- Assignment -
A faithful copy of all the data is the goal; omit the pictures.

- Given material -

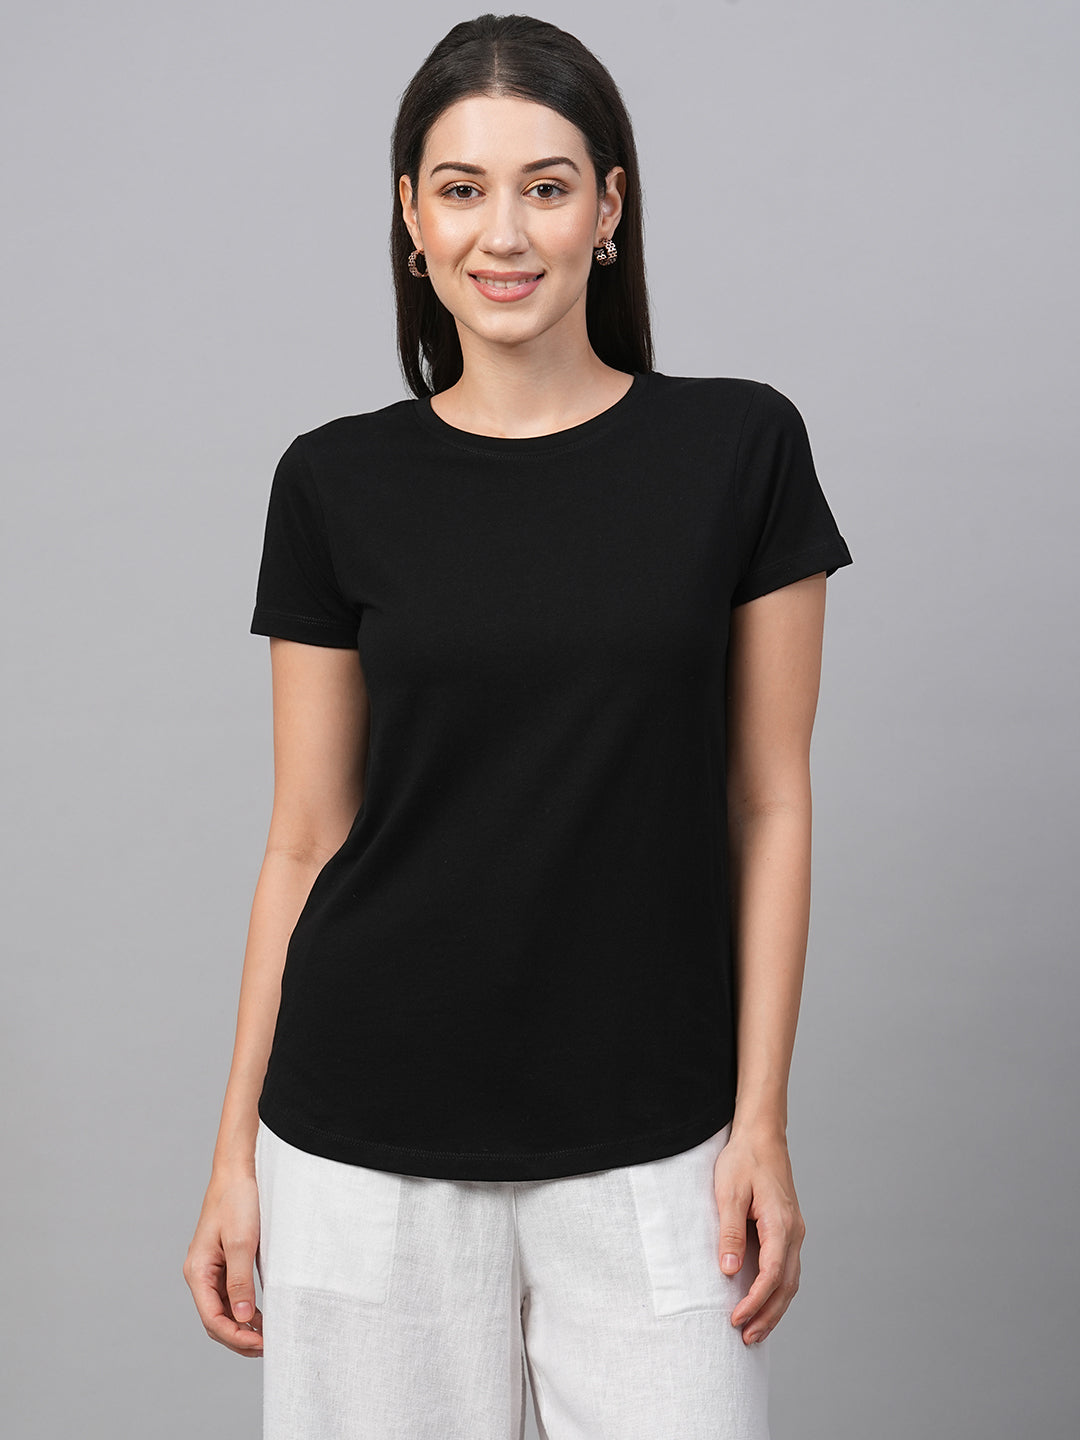 Women's Black Cotton Slim Fit Tshirt
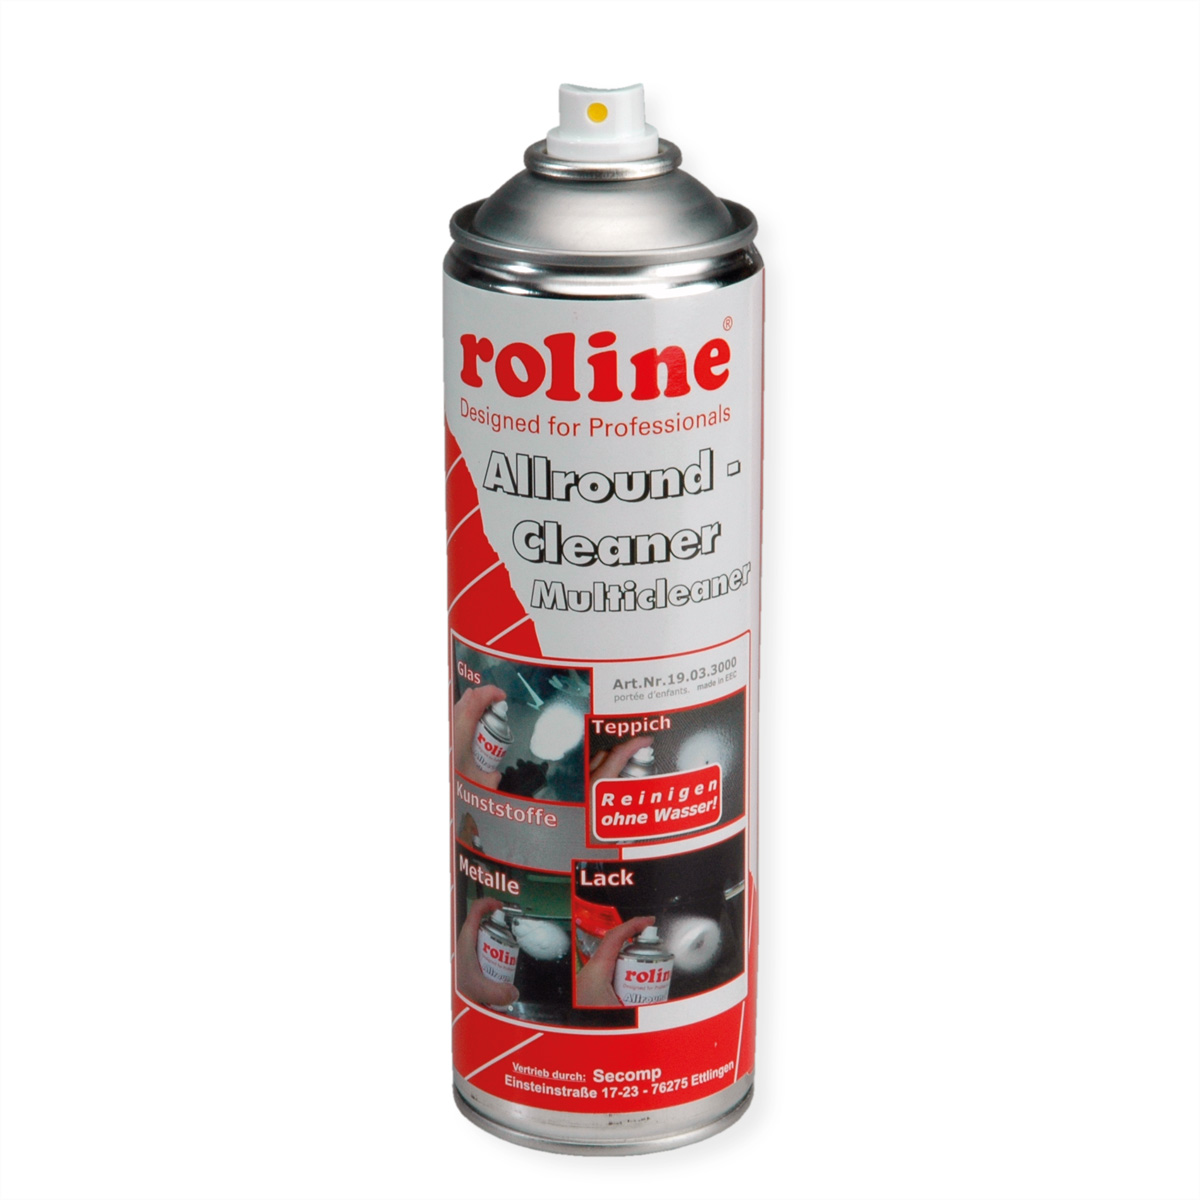 ROLINE Allround-Cleaner Universal-Reinigung Aerosol mehrfarbig
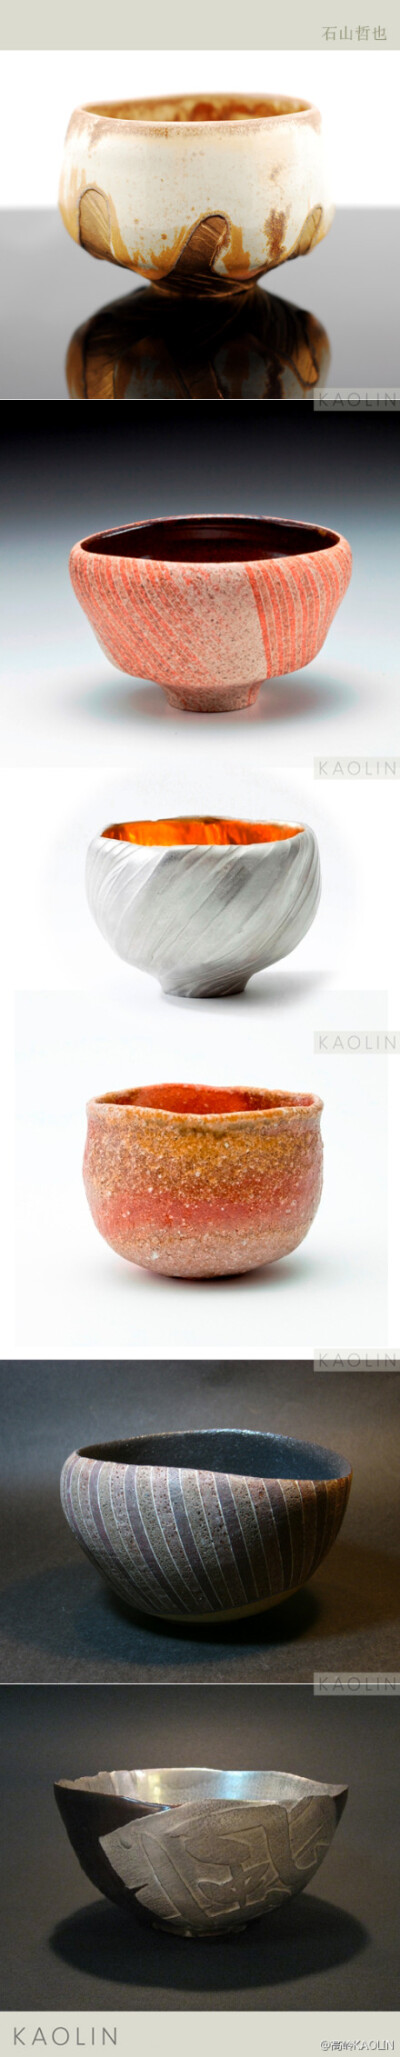 日本艺术家石山哲也tetsuya ishiyama的陶艺作品试图通过不同肌理的
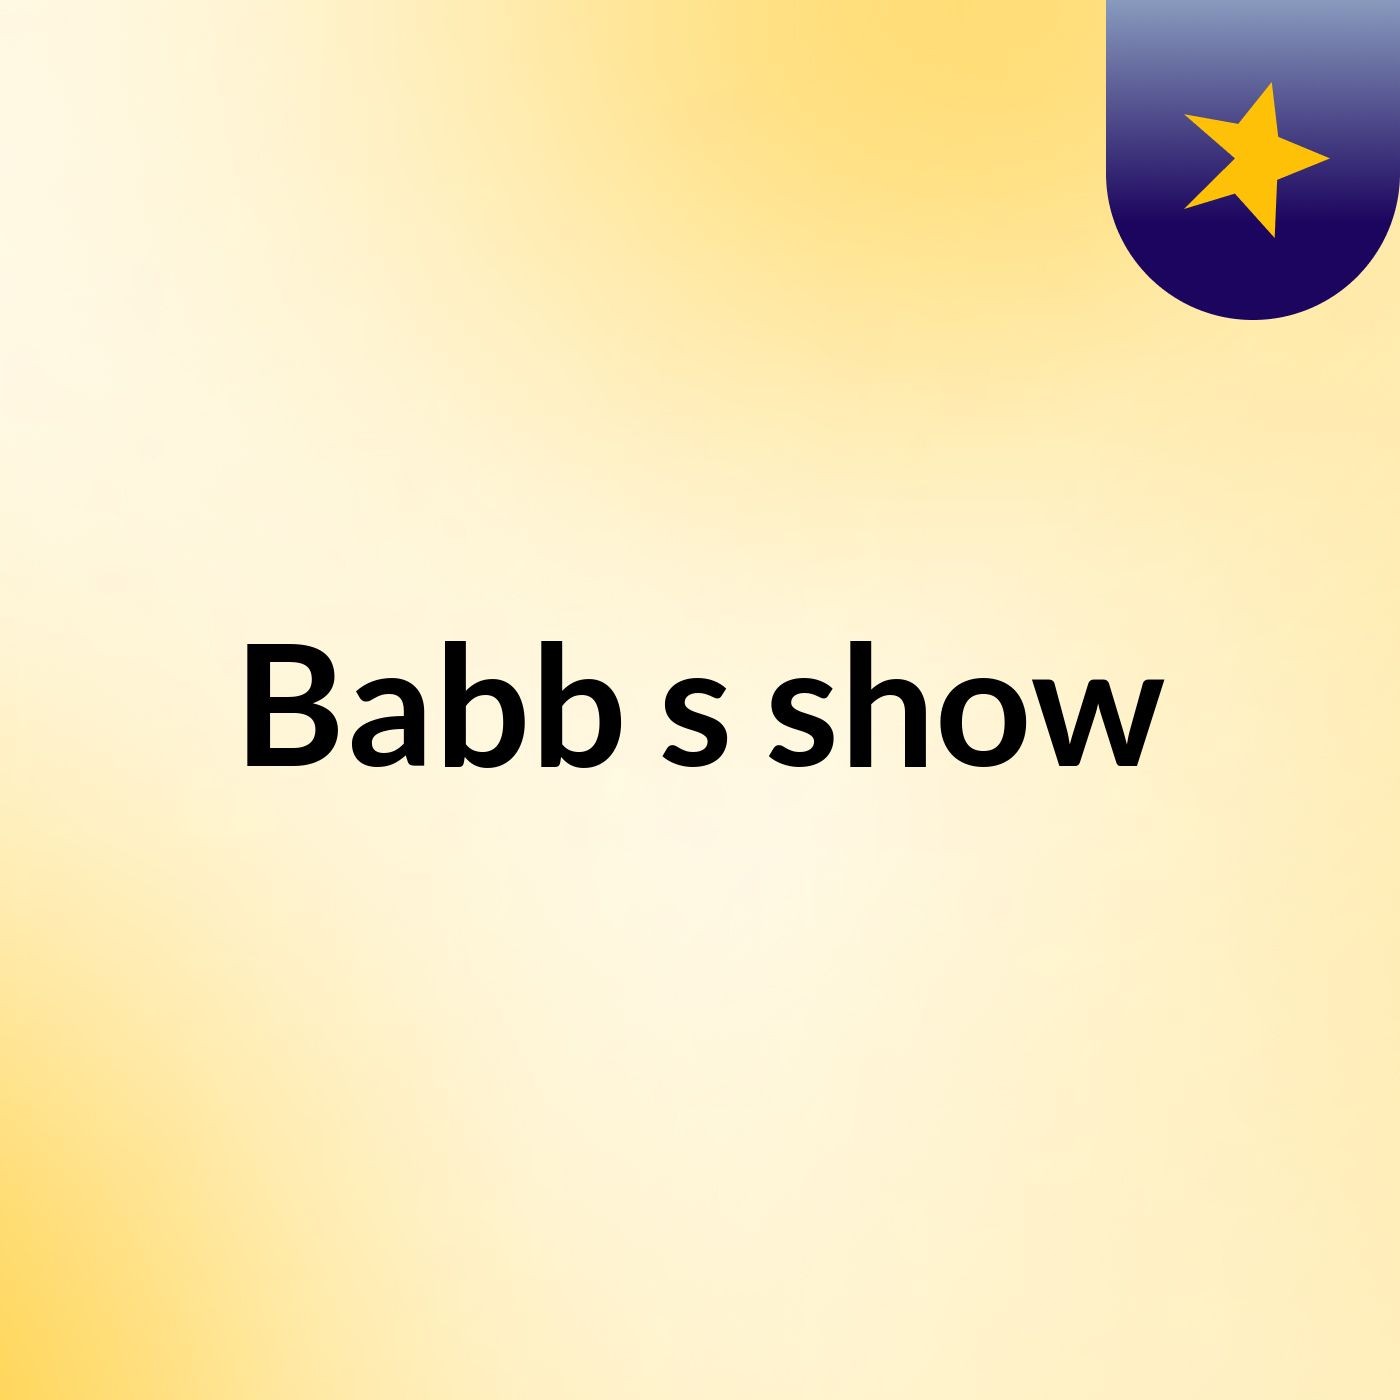 Babb's show

- Answer to this exercise -
 Women's Black Cotton Slim Fit Tshirt
 ROLINE Allround-Cleaner Universal-Reinigung Aerosol mehrfarbig
 日本艺术家石山哲也tetsuya ishiyama的陶艺作品试图通过不同肌理的
 Babb's show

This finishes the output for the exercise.